Pictures excluded, copy word for word the lines from the one holding "Çin ABD'nin Etiketlemeye" through the last line below.

──────── GIVEN DATA

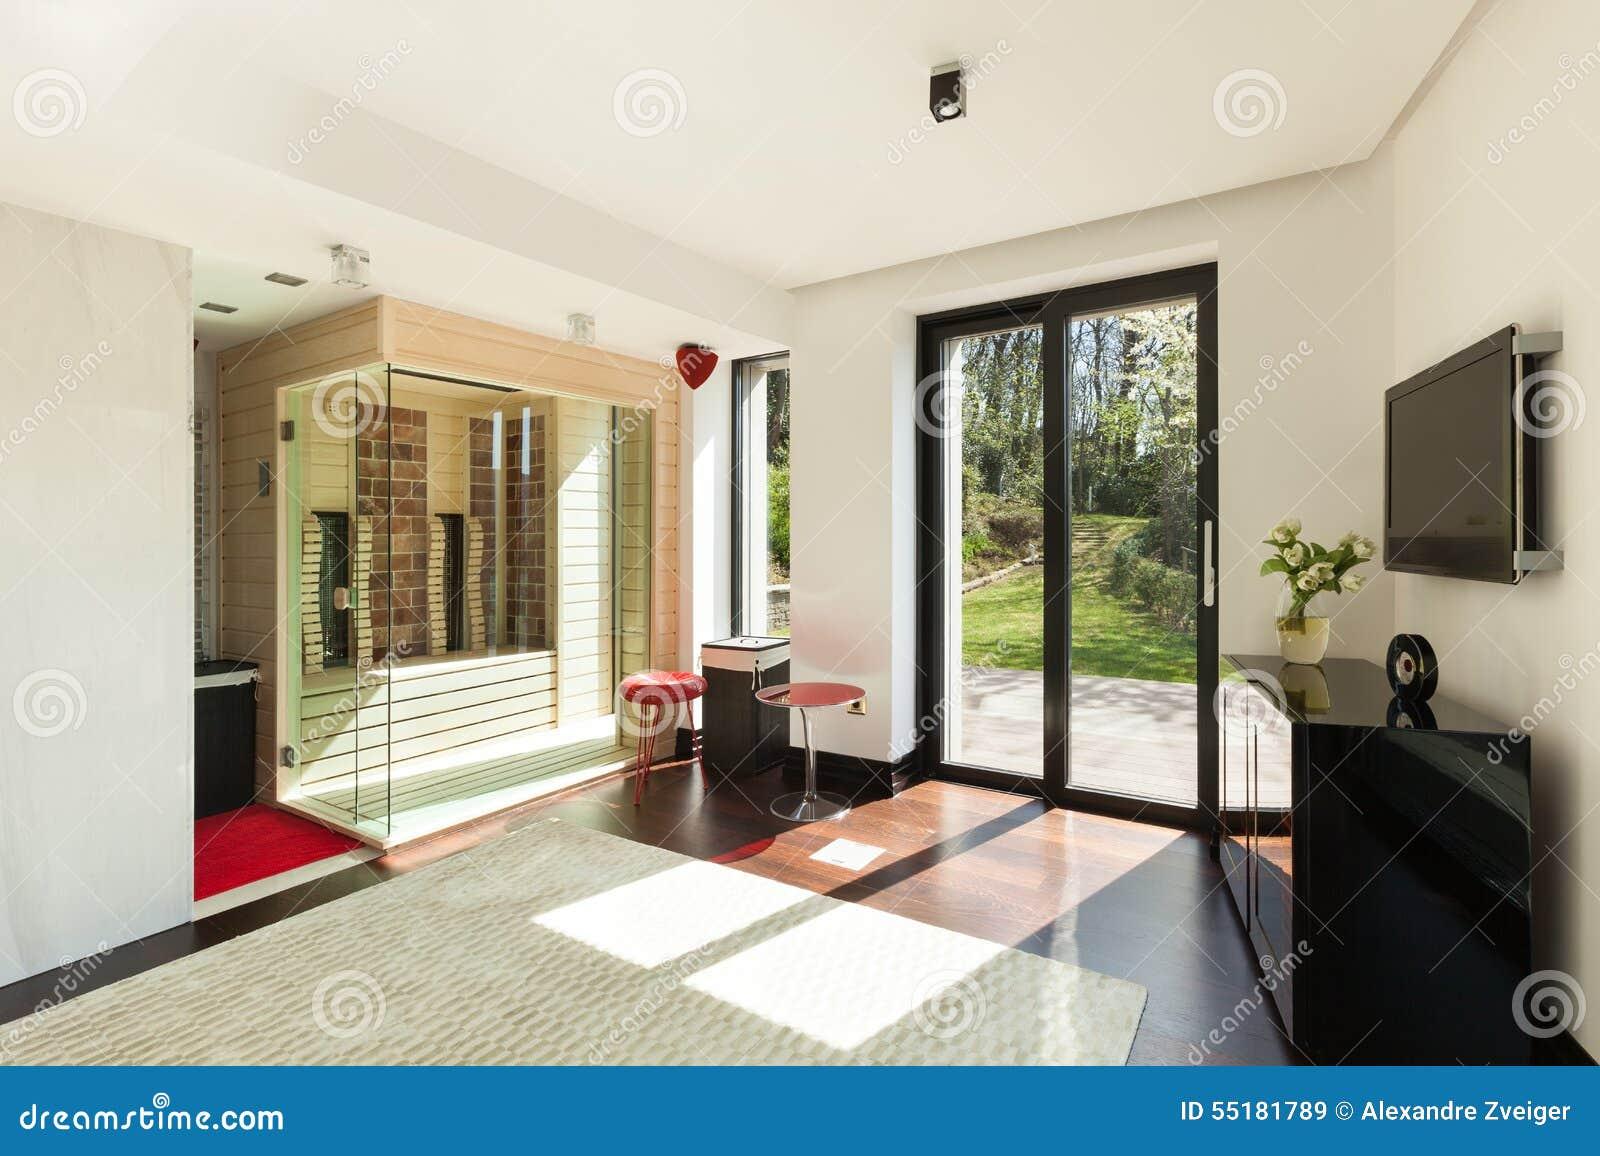 Sauna In Huis : Huis ruimte met sauna stock afbeelding afbeelding bestaande uit
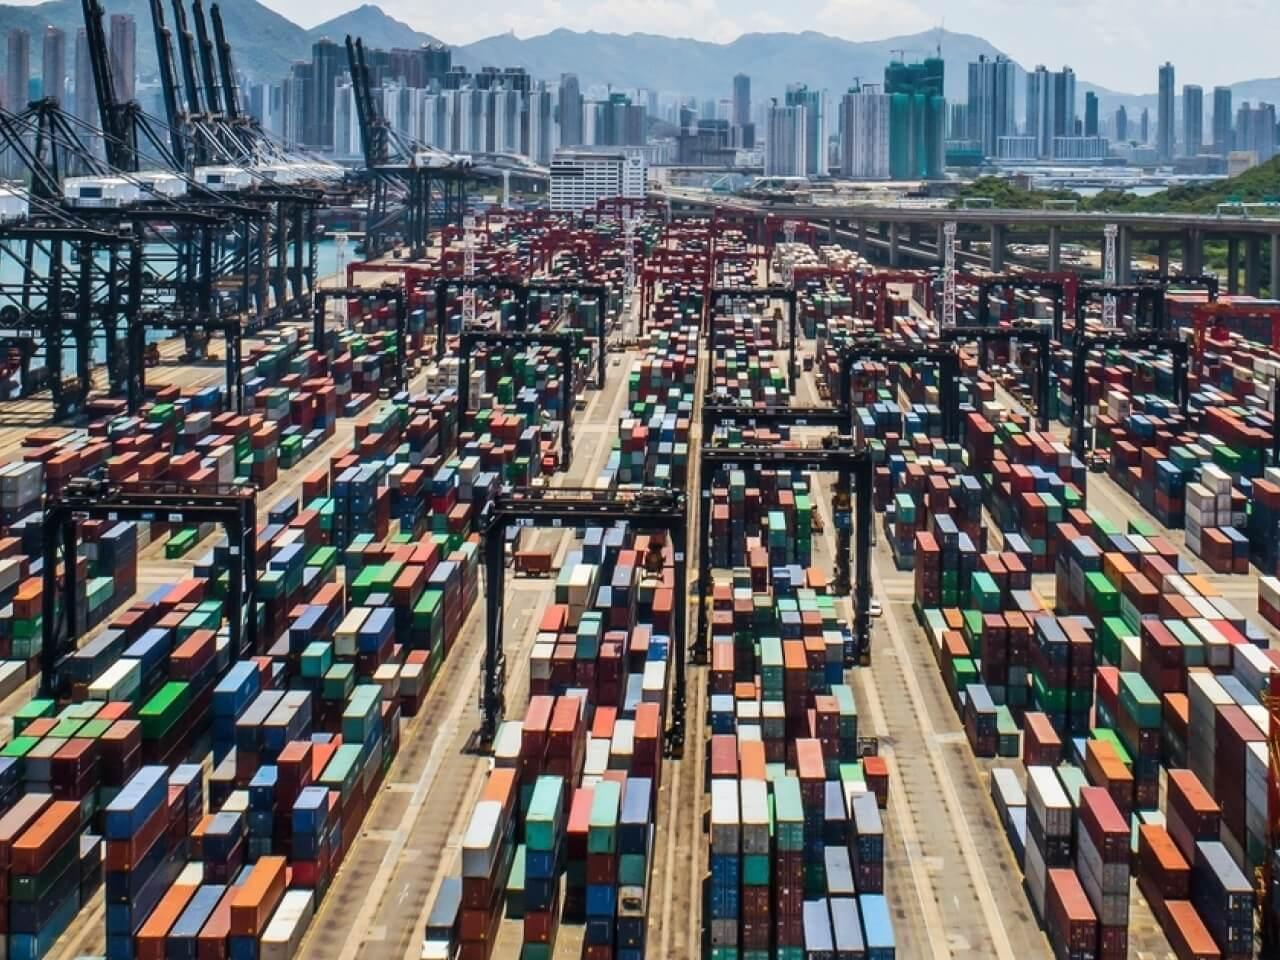 Çin ABD'nin Etiketlemeye İlişkin Menşe Düzenlemesini DTÖ'ye Taşıdı
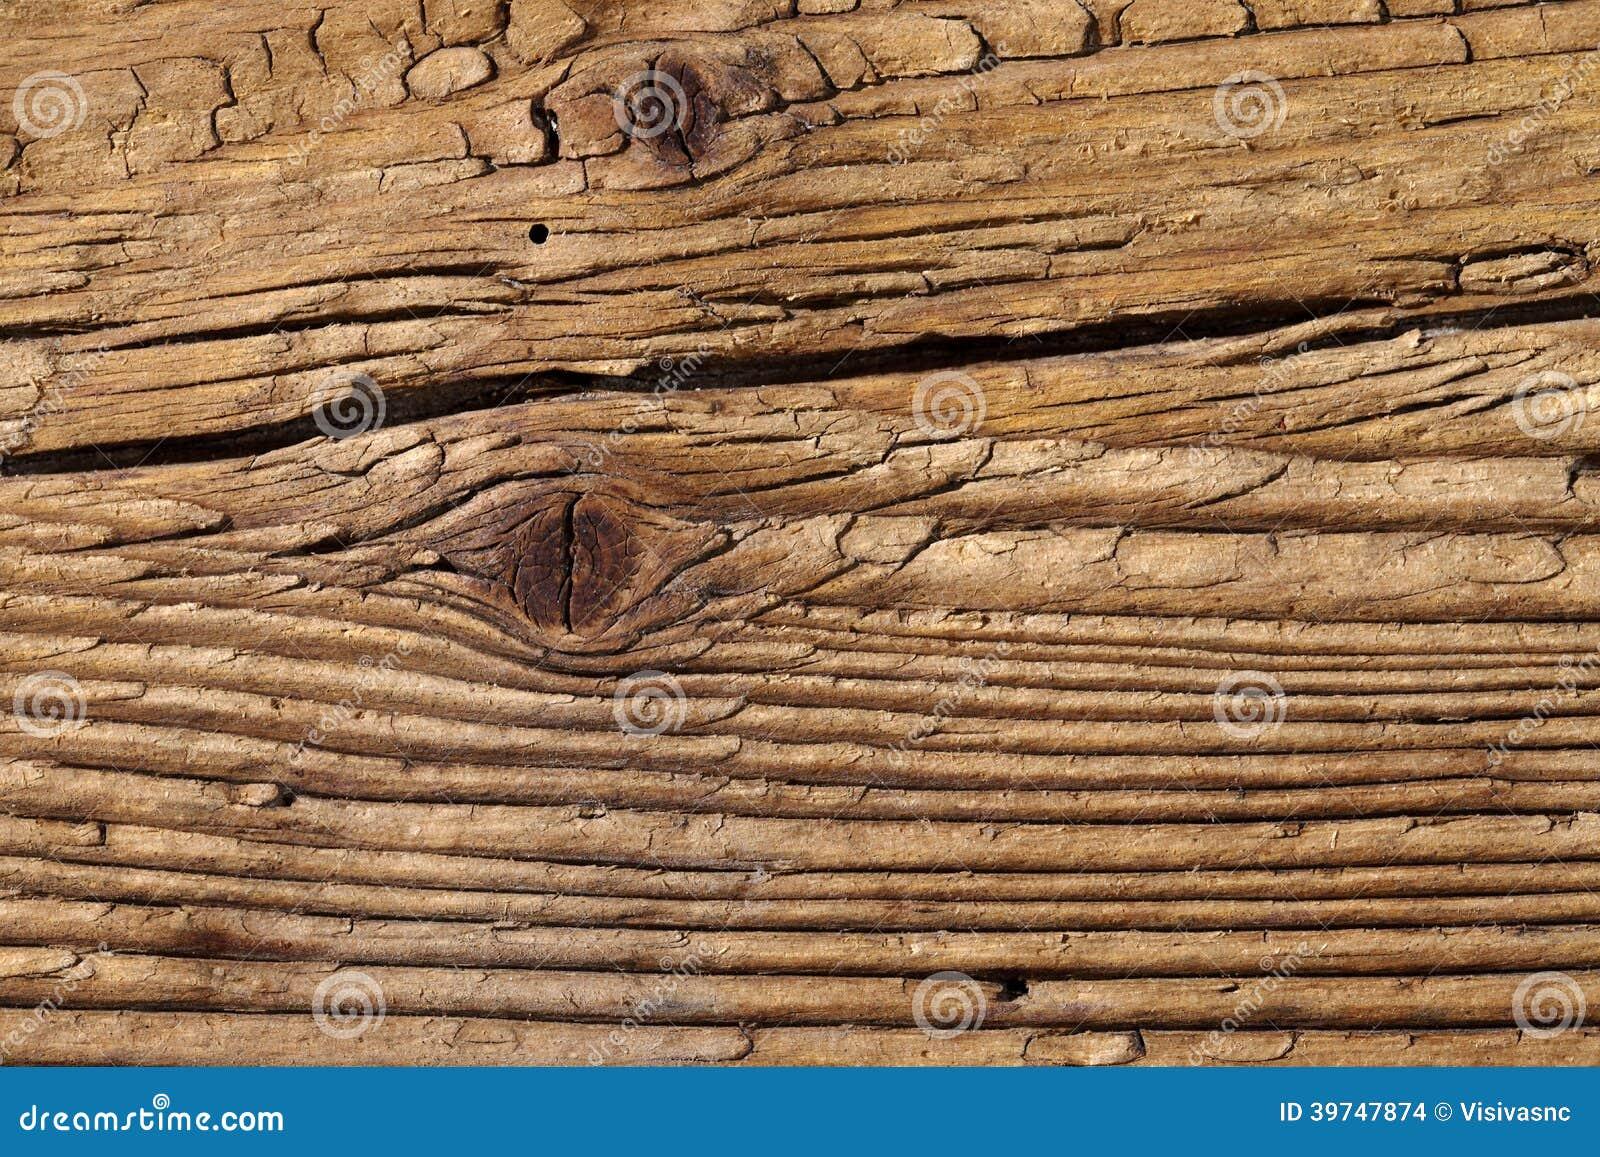 Vecchie tavole di legno antiche fotografia stock immagine 39747874 - Tavole legno vecchio prezzi ...

────────────────

**RESPONSE FOR THIS EXERCISE**:
 Çin ABD'nin Etiketlemeye İlişkin Menşe Düzenlemesini DTÖ'ye Taşıdı
 Vecchie tavole di legno antiche fotografia stock immagine 39747874 - Tavole legno vecchio prezzi ...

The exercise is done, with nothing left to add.